Datastructures where Add, Get kth largest are O(log n) and O(1)

Question

Give a data structure that stores comparable objects and supports add() and get(k) operations [get(k) returns the kth smallest element in the data structure (1 <= k <= n)]. get(k) must be O(1) and add() must be O(log n) where n is the number of objects added to the data structure. Give another structure where get(k) is O(log n) and add is O(1)

Answer 1

If I got this interview question I would respond by saying that I am unaware of any such data structures, and suspect that they don't exist. However I suspect that the data structures that the interviewer is thinking of are "sorted array" and "skip list" respectively.

I would then explain that retrieving any element of an array by position is O(1). Figuring out where to insert it is O(log(n)). However the actual insertion is O(n) due to having to move the rest of the array. However the O(n) piece comes with very good constants.

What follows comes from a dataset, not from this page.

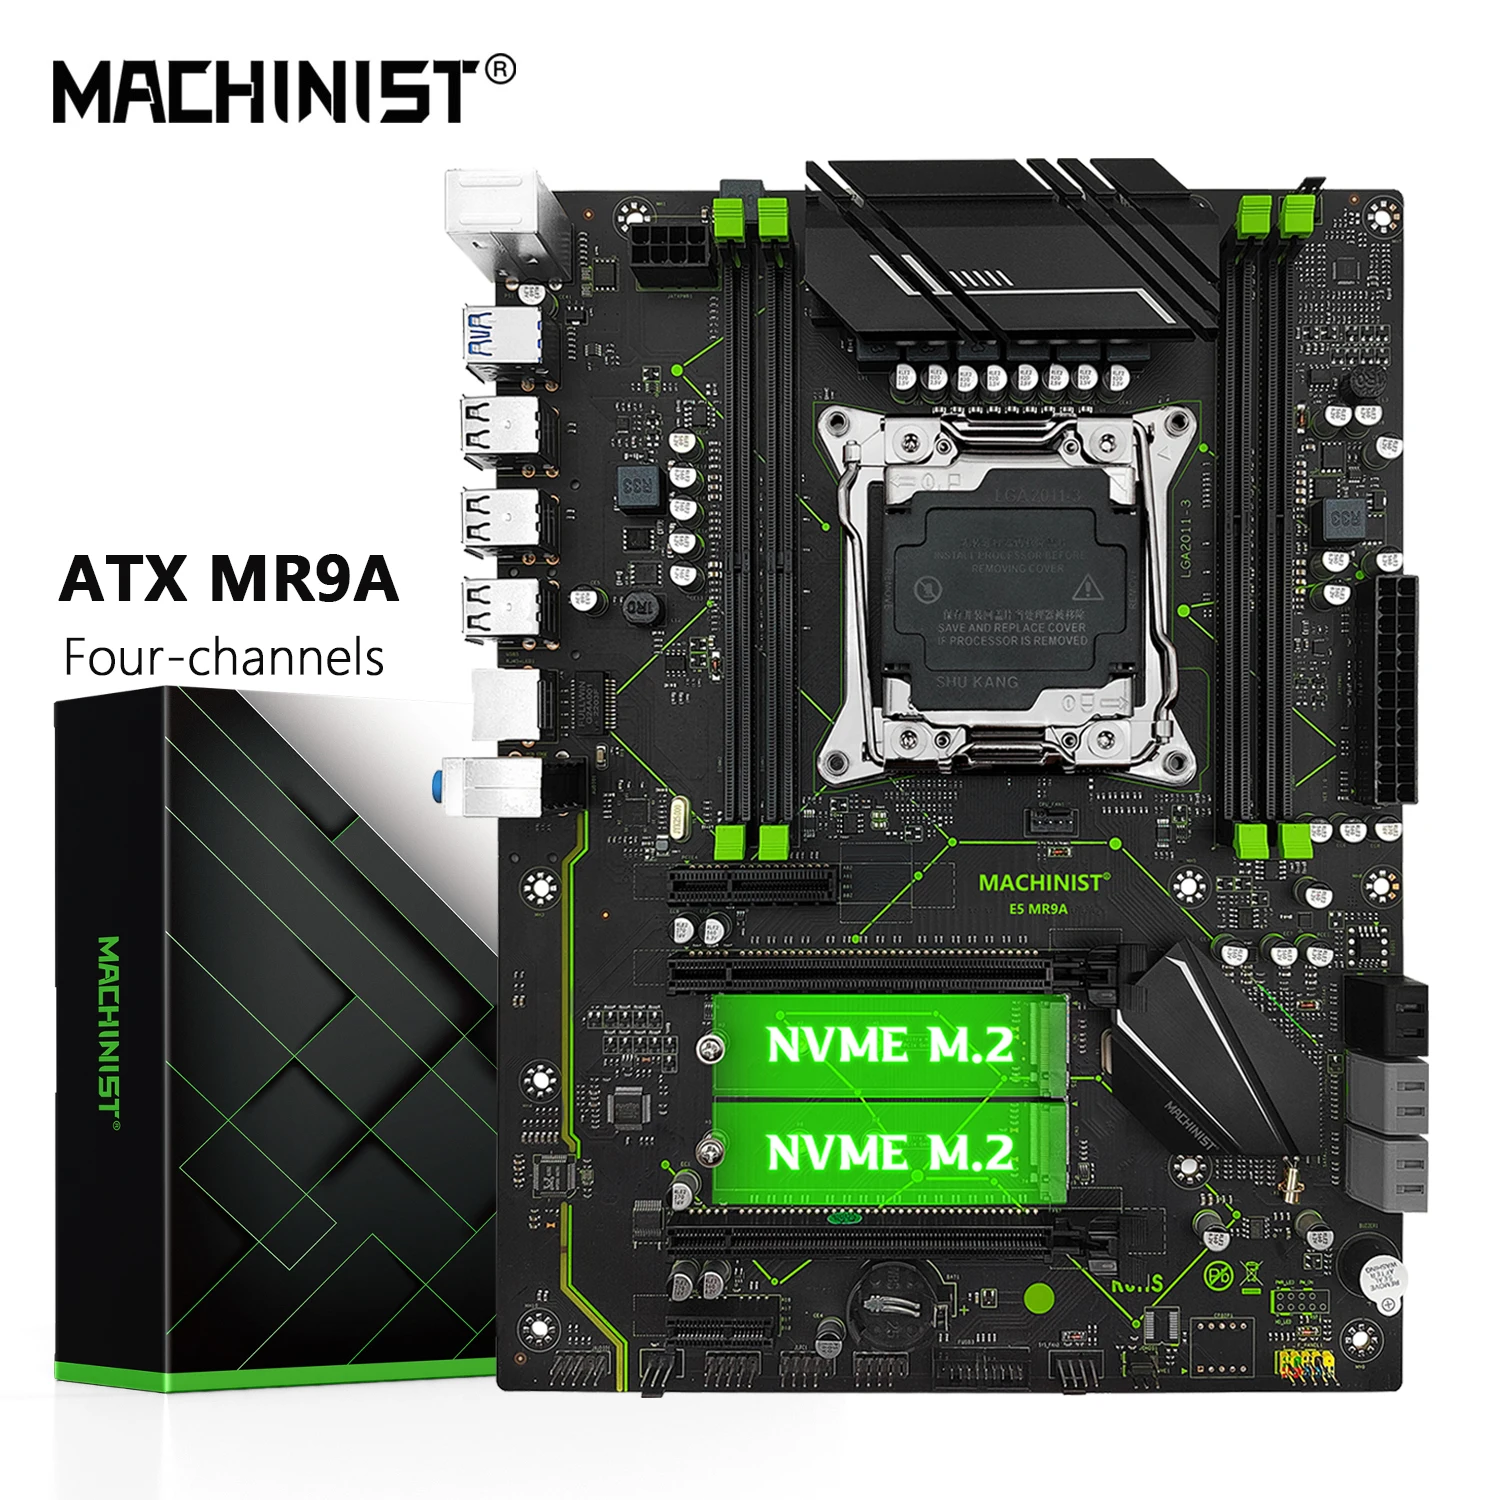 MACHINIST X99 MR9A Motherboard LGA 2011-3 Support Xeon E5 2667 2690 V4 2670 V3 CPU procesador Set DDR4 Memory ATX Four-channel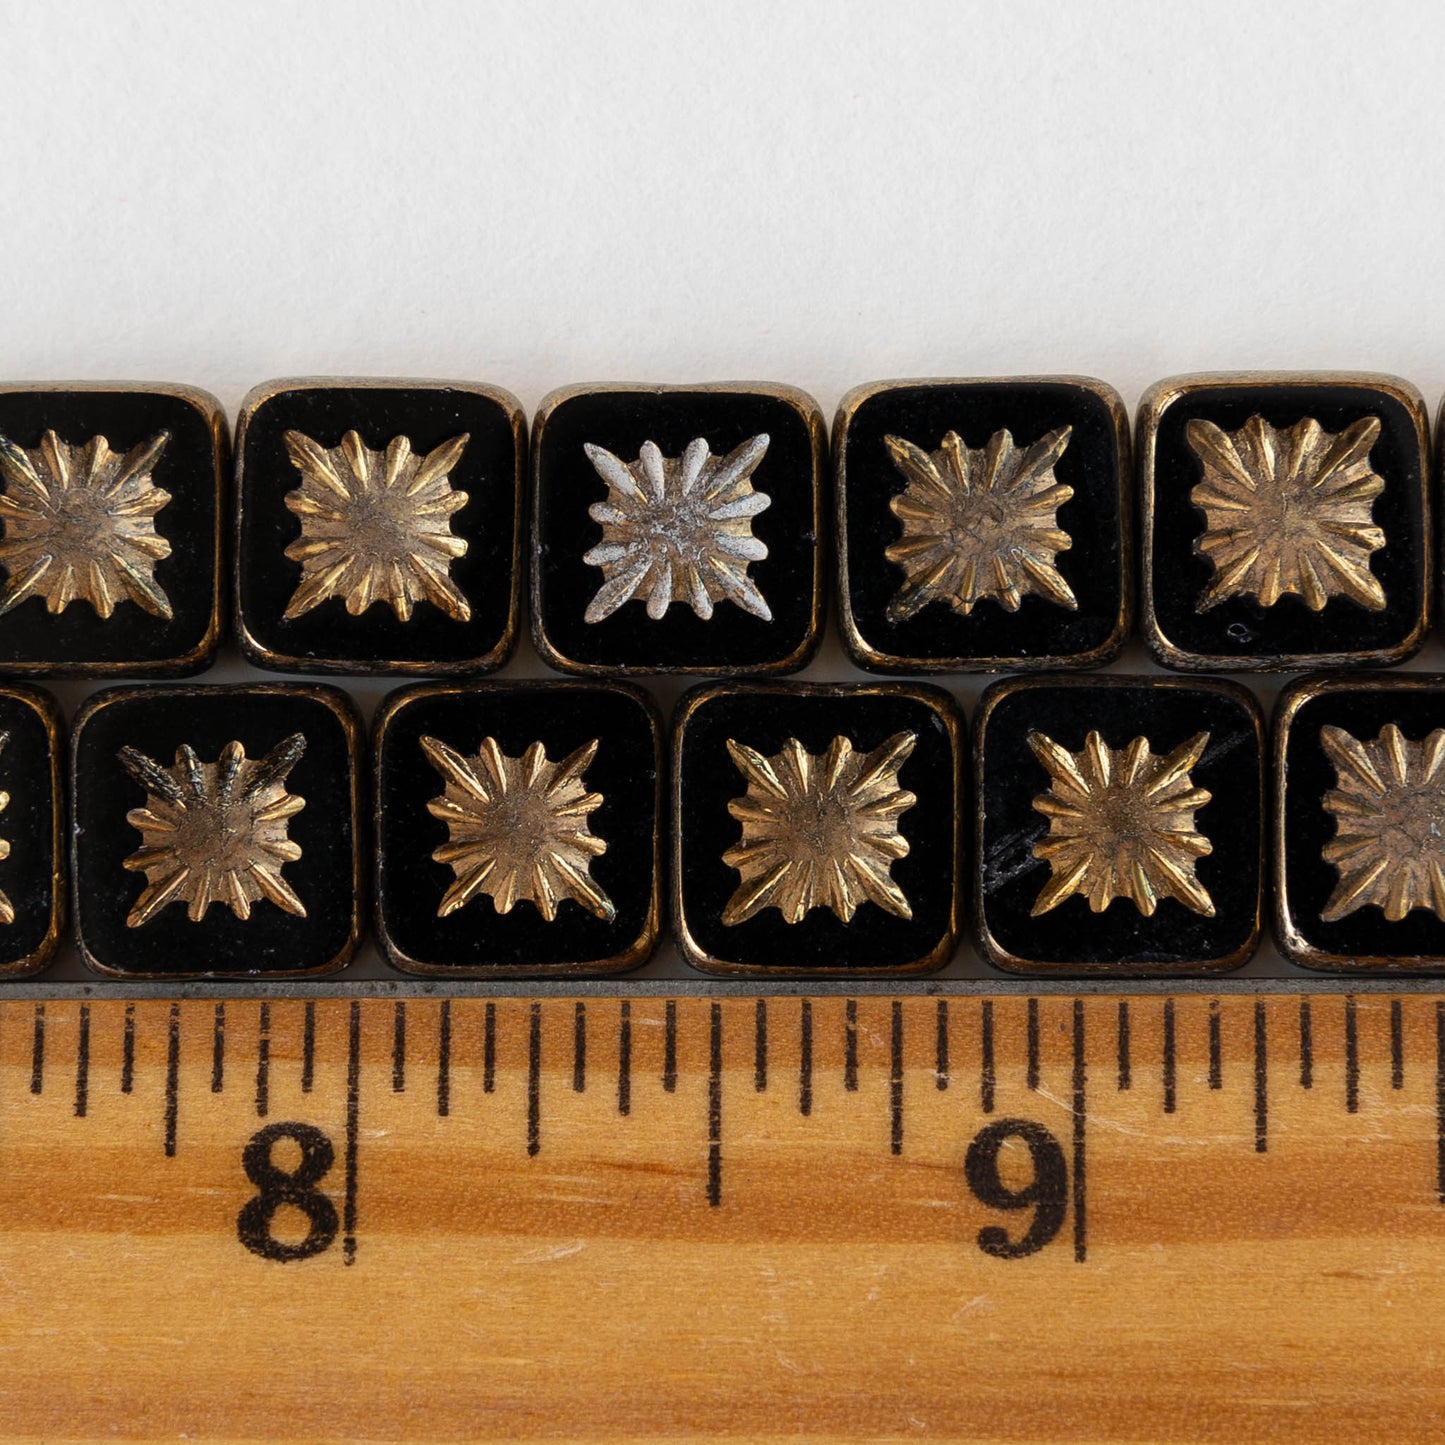 10mm Glass Tile Beads - Opaque Black with Gold Wash - 10 or 30

For the skip list, retrieving is O(log(n)). Inserting involves half of the time only modifying one element, 1/4 of the time editing 2, 1/8 of the time editing 3 and so on, which is an average of 2 elements. That's O(1). However you cannot insert an element without figuring where to put it. And that lookup is O(log(n)). (To make the insert truly O(1) you either need to collect O(log(n)) data on the lookup that you make available to the insert, or you need to create the moral equivalent of a doubly linked skip list.)

Answer 2

There's no way to build a deterministic comparison-based data structure with amortized O(1)-time adds and worst-case O(log n)-time gets. The other configuration cannot be ruled out by an information-theoretic lower bound, but I seriously doubt that anyone knows how to do it.

For the experts: the adversary first adds n items, answering the algorithm's O(n) comparisons in such a way as to leave an antichain of size at least log² n. It then chooses k in such a way that computing get(k) forces the algorithm to do selection on the antichain, incurring a cost of Ω(log² n).

Why can the adversary force such a large antichain? Suppose that the algorithm always left no antichain of more than log² n elements. By Dilworth's theorem, the elements can be partitioned into at most log² n chains, which can be merged using O(n log log n) comparisons, giving a sorting algorithm that uses o(n log n) comparisons and thus a contradiction.

What could your interviewer have meant? It's conceivable to me that if both operations are amortized, then there's a solution. This is a non-canonical relaxation of the requirements, however.